If you like to eat and drink, you’re in for a treat in Asheville.
The Asheville Independent Restaurants or AIR (www.airasheville.org) organization has more than 40 members dedicated to keeping the Asheville food scene “eclectic and individual, just like Asheville.” Altogether, the Asheville area has some 300 sit-down local restaurants, plus hundreds of fast food and chain eateries.
Probably the most important trend in Asheville dining in the past decade has been what has been called the New Southern cuisine movement. This is a little difficult to define, but basically means that restaurants start with classic Southern dishes and add their own sophisticated twists and turns, combining tastes and experimenting with unusual combinations of dishes. Closely related to this is the farm-to-table movement, which is strong in Asheville. Restaurants source ingredients locally, emphasizing organic and naturally grown items from area farms.
This doesn’t mean you’re stuck with eating grass-fed organic beef with collards and pureed turnips (though we love that!) You can get almost any kind of food in Asheville: Cuban, Jamaican, Caribbean, various styles of Italian, French and Mexican, Spanish, German, Greek, Thai, Korean, Japanese, Vietnamese, Lebanese, Southern and Northern Indian, Mediterranean, Middle Eastern, Nepalese, seafood, burgers, brunch and more. Vegetarians and vegans will have an easy time in Asheville. Not only are there some excellent exclusively vegetarian and vegan restaurants here, but most restaurants offer a number of meatless and vegan dishes.
We think the weak link in Asheville dining is Chinese. In general, the Asian dining scene in Asheville is far less developed than in areas with larger Asian populations. Only about 1% of the Asheville/Buncombe population is Asian. The area could do with more Thai, Korean, Japanese and other Asian restaurants. The biggest hole, though, is in Chinese dining. While there are a few decent Chinese restaurants here, the area has no truly top-ranked Chinese restaurant, nor does the range of Chinese food here even begin to reflect the breadth and depth and complexity of one of the great cuisines of the world.

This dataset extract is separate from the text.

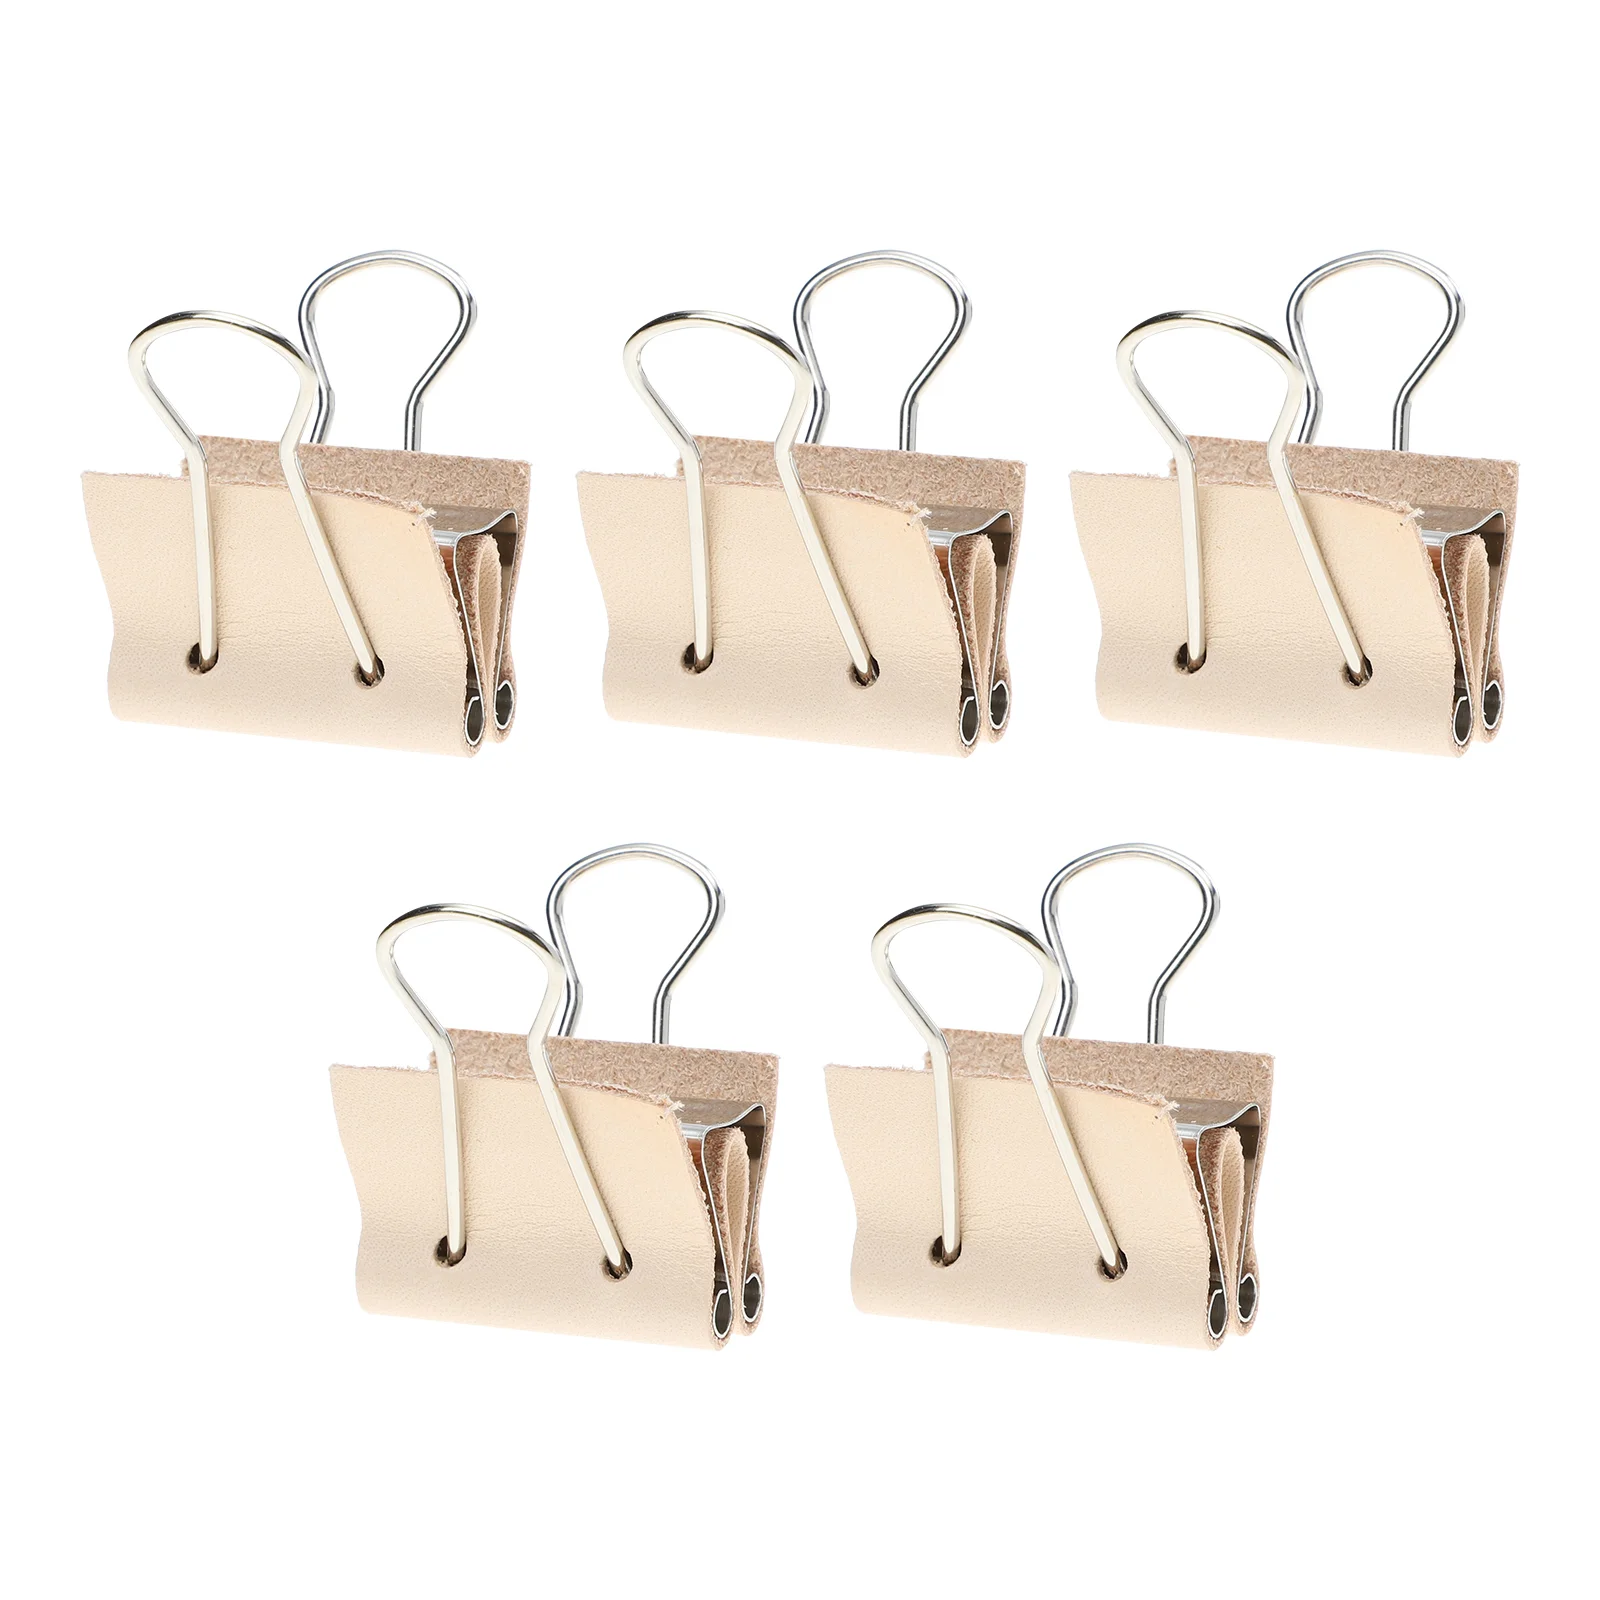 5pcs Binder Clamps DIY Binder Clamps DIY Binder Clamps 5pcs 2 9 inch adjustable nylon mini spring clamps muslin clamps for photo studio backdrops woodworking diy projects
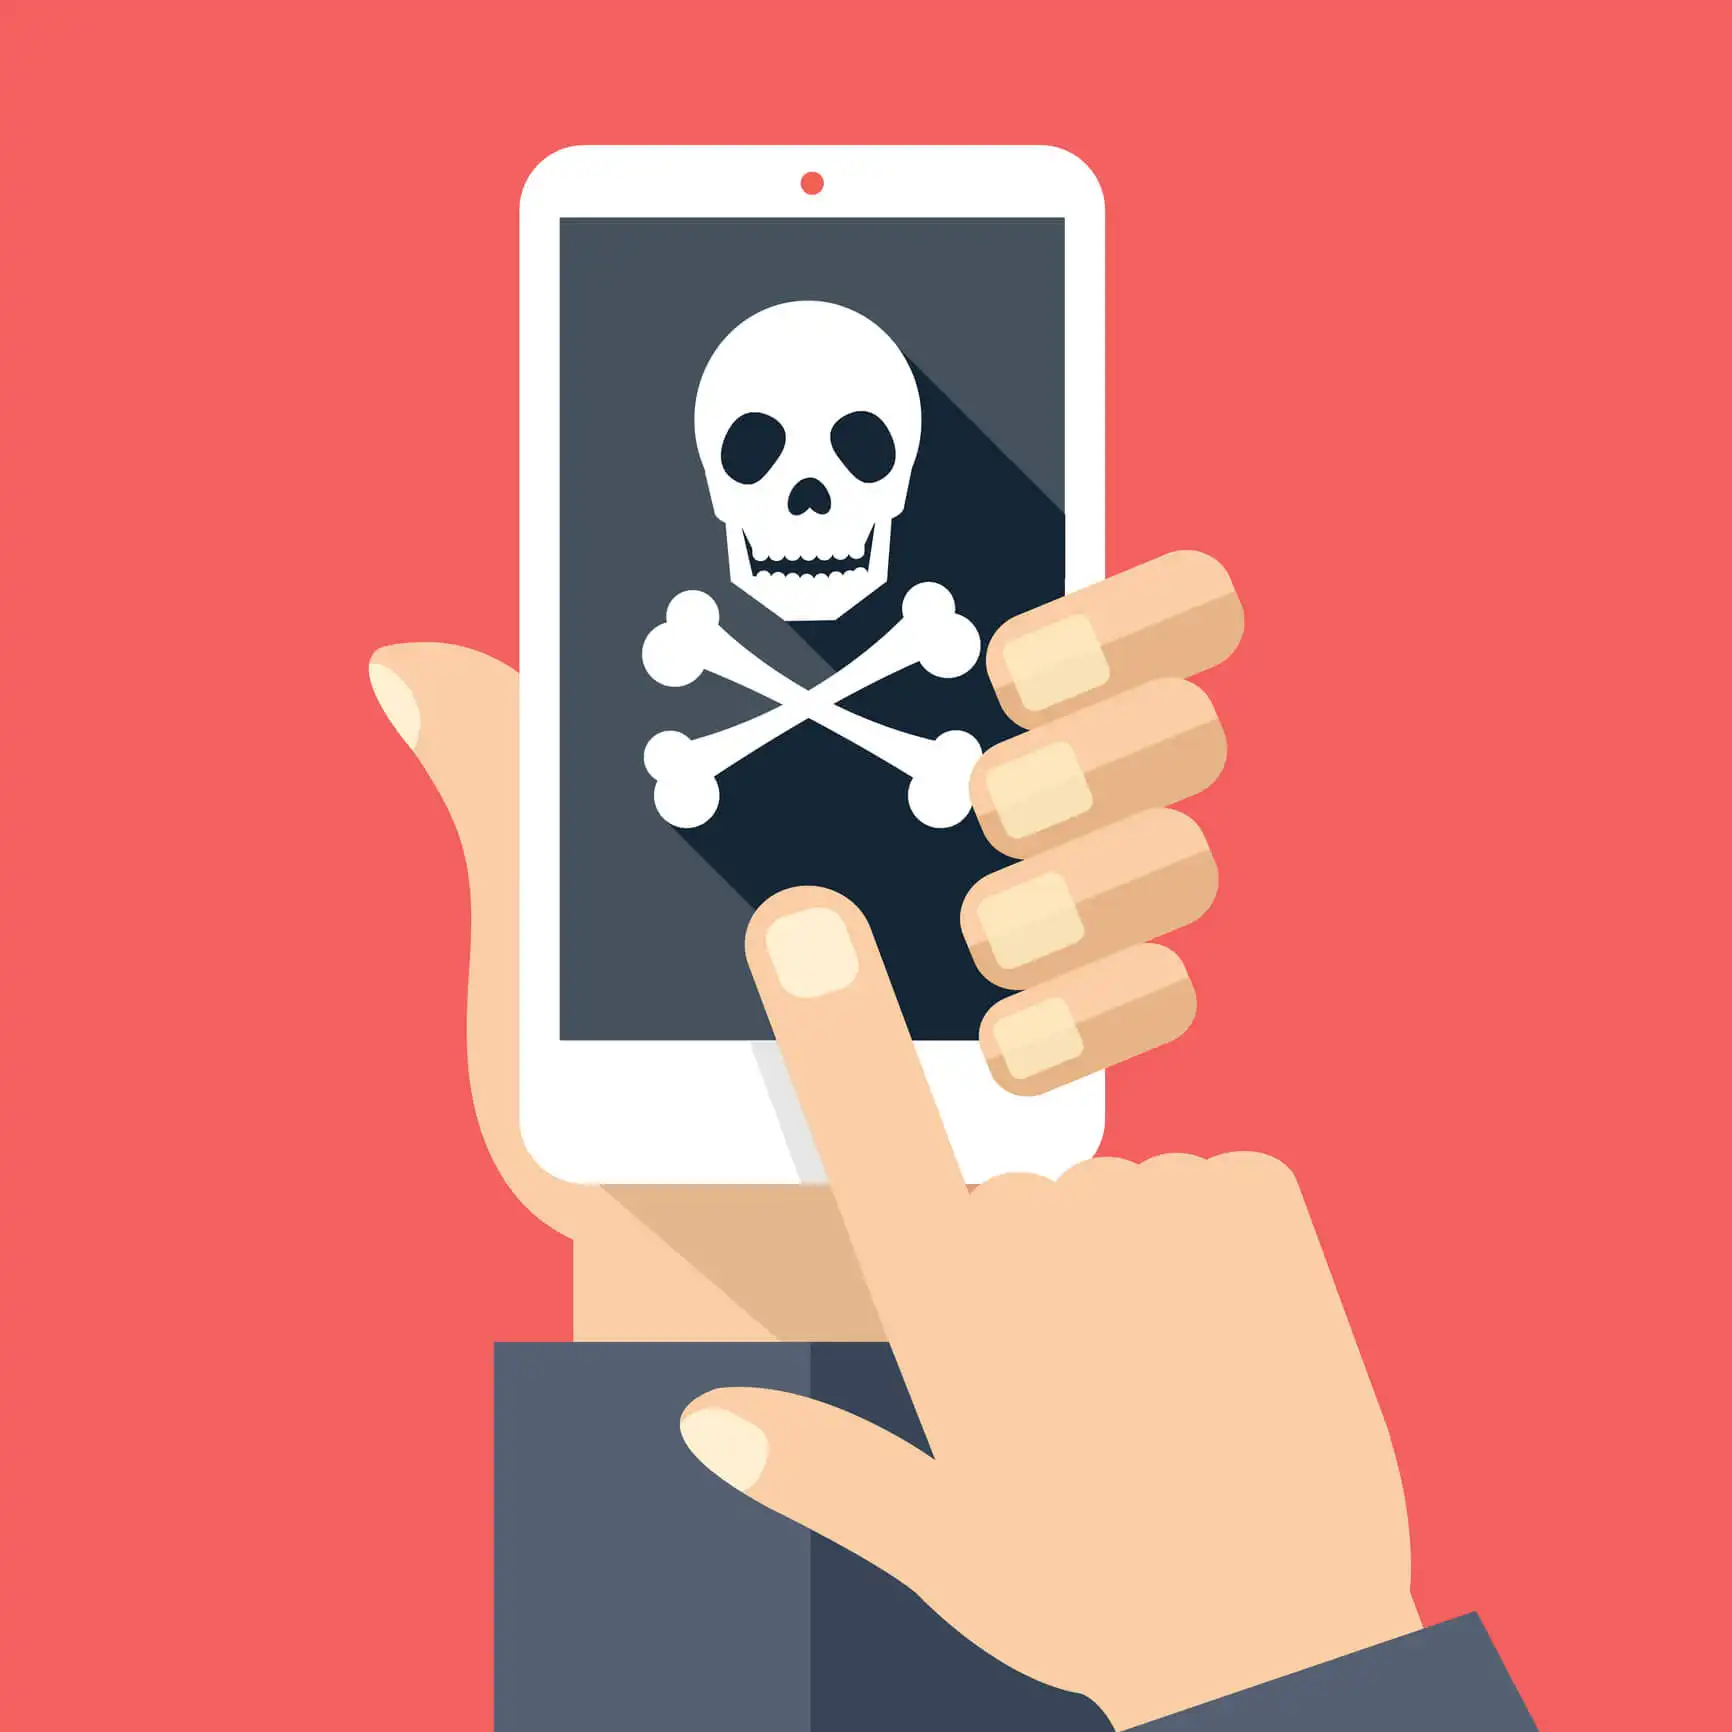 Top 5 failed mobile apps: Avoid these embarrassing mistakes.

(If you’re a Chinese restaurant owner or chef, please come to Asheville.)
Restaurants are listed alphabetically within each neighborhood. Price categories are per person for dinner with appetizer or salad, entree, vegetable or other side, glass of wine or a cocktail, tax and tip. If the restaurant doesn’t serve dinner, then the price category is for a full meal at breakfast or lunch without alcohol but with tax and tip.
Check out restaurants in Downtown and those in the neighborhoods around Asheville. And don't overlook drink -- after all, Asheville is Beer City USA, and it has an active club scene, too. If you overdo it, wake up with a cup of java at one of Asheville's many local coffeehouses.
Very Expensive $65+ per person
Expensive $35-$64 per person
Moderate $20-$34 per person
Inexpensive $10-$19 per person
Very Inexpensive Under $10 per person
The restaurant name tagged in RED indicates that in our opinion this is one of the best restaurants in Asheville, worthy if necessary of a special occasion or a splurge, although not all top restaurants are expensive.
Remember, the opinions on dining, and everything thing, in this guide are our own. We do NOT accept comped meals, free lodging or other gratuities, so that even if you don’t agree with us you can be sure it’s our honest opinion, unswayed by any monetary consideration.
With hundreds of restaurants in the Asheville area, and with openings and closings all the time, we can’t possibly include every dining option in Asheville, nor do we claim to be 100% up-to-date on the latest changes at every restaurant. If we’ve left out your favorites, or made a mistake, please let us know. Note that some brewpubs, bars and clubs, and coffee houses are covered in separate sections of this guide.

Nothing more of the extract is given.